Schreiber: Well, I'll do my best and thank you, Nir and Beard, for giving me an opportunity to talk about this. We can't get enough of it either. Okay, so America Votes has been on the ground in Wisconsin since we started up more than 20 years ago, and we've been there since the beginning. And because we've been there since the beginning, this has been a very real rollercoaster of a state.

As your listeners know, we've suffered some really tough losses in that state, and we've also had some really great victories. But this one was important beyond measure in some ways. It was the largest ever spring election voter mobilization push that we've ran in the state, and that was led by our amazing state director, Jasmine Nears, who leads up our team there and in coalition with a group of leaders in the state, including Ben Wikler, who I know you all have talked to. Where we could coordinate in this specific election with the state party, we did.

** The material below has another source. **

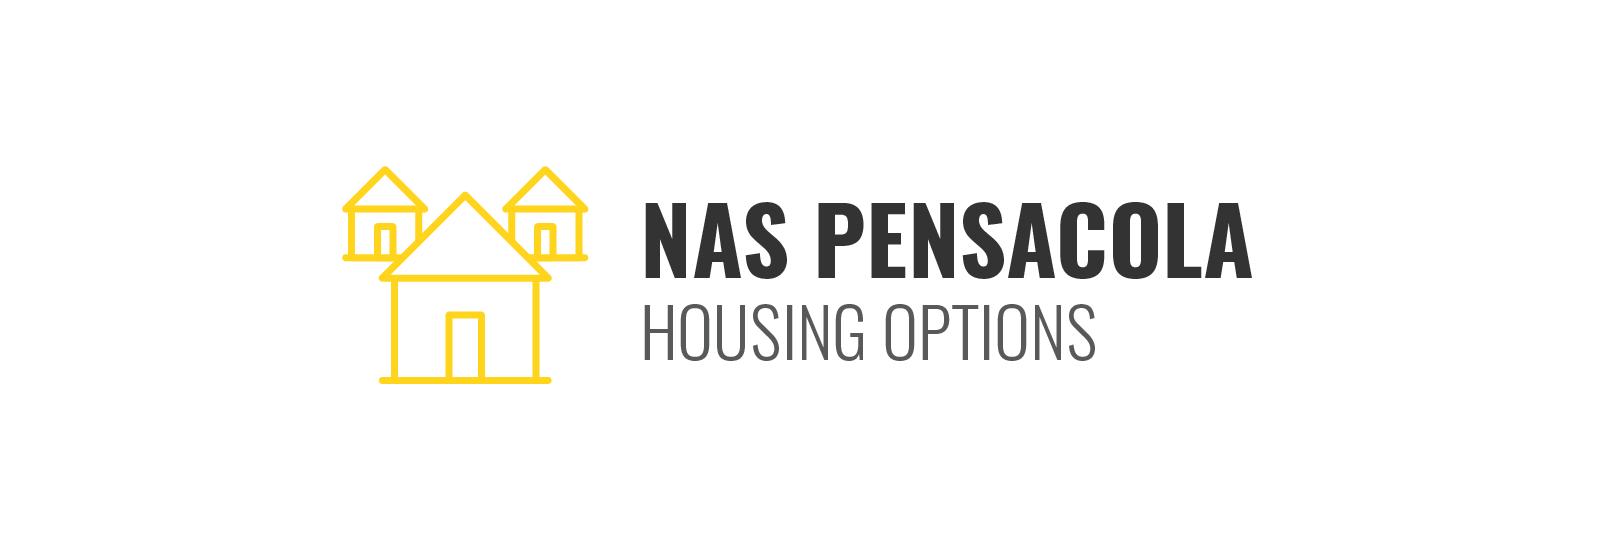 NAS Pensacola Housing Options
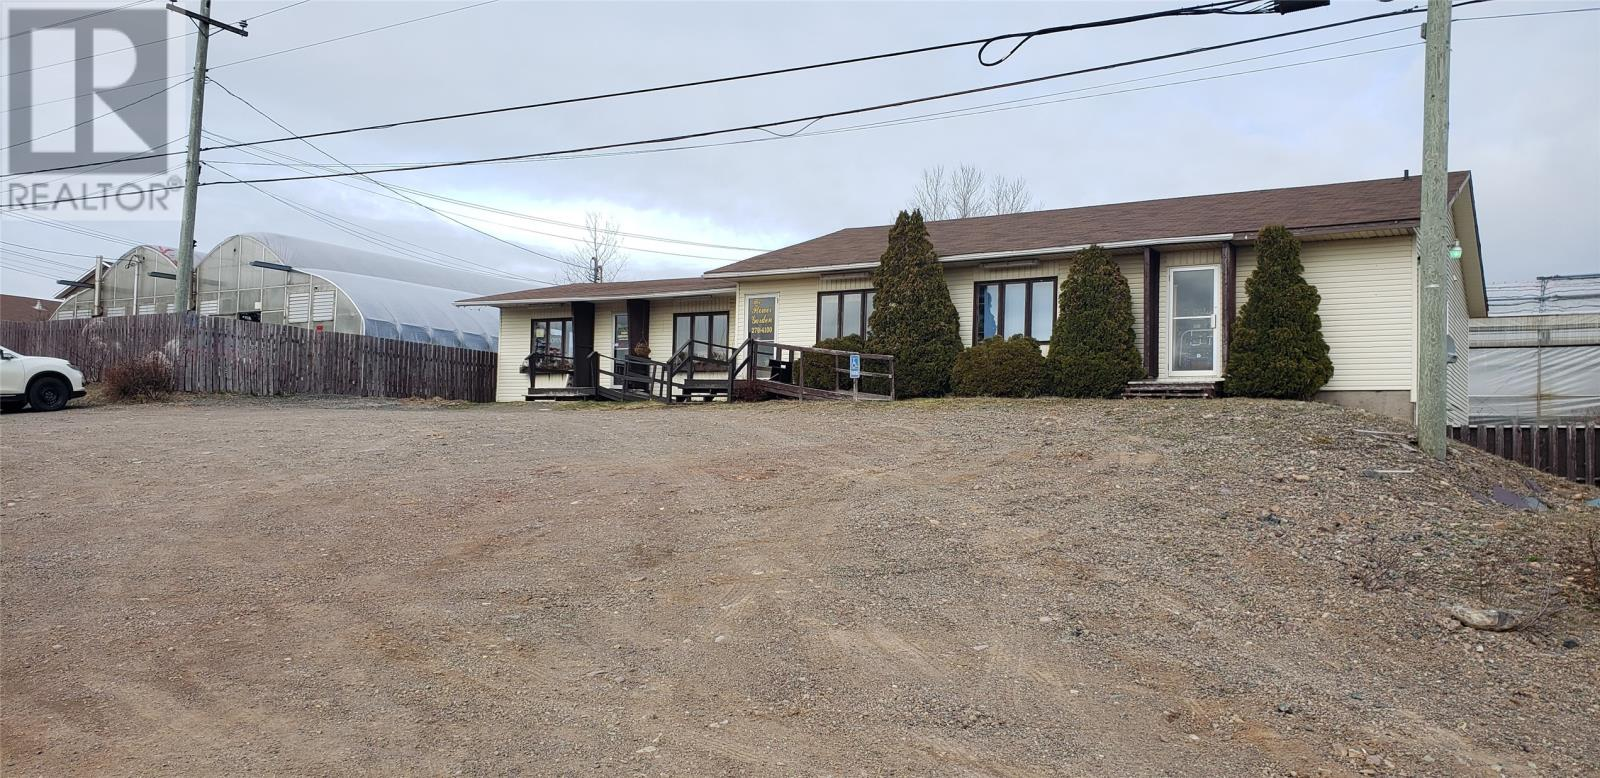 669 Creston Boulevard, Marystown, Newfoundland & Labrador  A0E 2M0 - Photo 3 - 1229607

And that really started from the AV perspective of defining our target universe of voters. Our folks take a look at previous spring elections, what happened in '22, to calculate a win number that we needed to hit in order to win the election for Justice Protasiewicz and created a plan for our partners on the ground to reach that. So America Votes' lane is typically in the direct voter contact lane and the "field" lane. And so at the end of the day, our coalition of more than 40 groups knocked on 535,000 doors, made 678,000 phone calls and had 136,000 conversations with voters. And so, this is really the underpinning of the work that we did in Wisconsin. It really started with trying to figure out who we needed to talk to and what the target universe was, sharing that out with the coalition, refining it, developing a plan to talk to the highest-priority voters, and then executing that with our partners. And our partners did an amazing job of executing that.

It was a really amazing example of what progressives can do when we coordinate and work together on these state races. And I don't think it can go without saying that this was such a good example of how salient abortion is now, in light of the Dobbs ruling and Justice Protasiewicz's 10-point victory in an otherwise 50-50 state—really, in our view, adds to the mounting evidence that abortion is transforming politics in ways that many pundits and strategists have really been slow to comprehend.

And I think for our part, when we think about the transformation of politics post-Roe, post-Dobbs decision, it's thinking about our coalition of voters, and the growth that we have seen in Wisconsin was a great example of that in when you look at women and their performance, and young voters and their performance in the election. And so, it was an exciting win for us and an important one.

And I don't feel like I have to tell you guys this, but obviously a good reminder of how critical state Supreme Courts are to many of our aspects of democracy, whether it's redistricting or certification of elections, fair representation. And so, our work on these races does not stop in Wisconsin. I know we have talked, or you all have talked on the show a lot about North Carolina and also about Pennsylvania, and those are going to be critical Supreme Court elections coming up.

And I hope that people remember that these state Supreme Court races are winnable and extremely consequential in people's day-to-day lives. And while it may be difficult to win in places like North Carolina—and you all have pointed this out on the show—the stakes are too high to give up and it has to be part of any long-term strategy to build power in a state.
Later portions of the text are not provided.